**Information given**
====================

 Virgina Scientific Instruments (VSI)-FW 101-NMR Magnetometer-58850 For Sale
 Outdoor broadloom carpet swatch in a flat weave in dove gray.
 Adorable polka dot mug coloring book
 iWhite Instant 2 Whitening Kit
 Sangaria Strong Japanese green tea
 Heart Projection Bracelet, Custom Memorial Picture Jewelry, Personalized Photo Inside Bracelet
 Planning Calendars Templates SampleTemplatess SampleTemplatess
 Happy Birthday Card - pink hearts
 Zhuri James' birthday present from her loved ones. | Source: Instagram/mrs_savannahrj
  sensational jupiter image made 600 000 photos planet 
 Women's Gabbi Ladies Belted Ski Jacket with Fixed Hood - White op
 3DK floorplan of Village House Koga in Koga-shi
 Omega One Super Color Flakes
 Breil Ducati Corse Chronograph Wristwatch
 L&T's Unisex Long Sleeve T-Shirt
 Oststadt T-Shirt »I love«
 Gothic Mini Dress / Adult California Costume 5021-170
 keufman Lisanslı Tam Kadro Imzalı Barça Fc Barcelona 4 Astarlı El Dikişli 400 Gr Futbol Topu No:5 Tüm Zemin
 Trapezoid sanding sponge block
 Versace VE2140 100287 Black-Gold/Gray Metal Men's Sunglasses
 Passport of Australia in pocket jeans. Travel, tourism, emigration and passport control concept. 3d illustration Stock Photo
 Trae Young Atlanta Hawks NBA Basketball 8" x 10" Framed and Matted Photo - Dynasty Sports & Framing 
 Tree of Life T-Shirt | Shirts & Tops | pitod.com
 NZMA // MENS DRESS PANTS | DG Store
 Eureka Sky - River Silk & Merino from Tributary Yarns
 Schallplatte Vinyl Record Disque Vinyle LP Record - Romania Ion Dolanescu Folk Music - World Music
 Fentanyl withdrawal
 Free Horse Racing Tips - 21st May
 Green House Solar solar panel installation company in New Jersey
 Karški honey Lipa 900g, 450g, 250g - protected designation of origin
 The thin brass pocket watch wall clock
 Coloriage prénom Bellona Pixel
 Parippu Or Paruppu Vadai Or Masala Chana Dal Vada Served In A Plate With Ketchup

====================

Copy the lines of the data above exactly as written, beginning with the line containing "Trapezoid sanding sponge block" and ending with the line containing "The thin brass pocket watch wall clock", and leave out all other lines.

**Problem solution**
 Trapezoid sanding sponge block
 Versace VE2140 100287 Black-Gold/Gray Metal Men's Sunglasses
 Passport of Australia in pocket jeans. Travel, tourism, emigration and passport control concept. 3d illustration Stock Photo
 Trae Young Atlanta Hawks NBA Basketball 8" x 10" Framed and Matted Photo - Dynasty Sports & Framing 
 Tree of Life T-Shirt | Shirts & Tops | pitod.com
 NZMA // MENS DRESS PANTS | DG Store
 Eureka Sky - River Silk & Merino from Tributary Yarns
 Schallplatte Vinyl Record Disque Vinyle LP Record - Romania Ion Dolanescu Folk Music - World Music
 Fentanyl withdrawal
 Free Horse Racing Tips - 21st May
 Green House Solar solar panel installation company in New Jersey
 Karški honey Lipa 900g, 450g, 250g - protected designation of origin
 The thin brass pocket watch wall clock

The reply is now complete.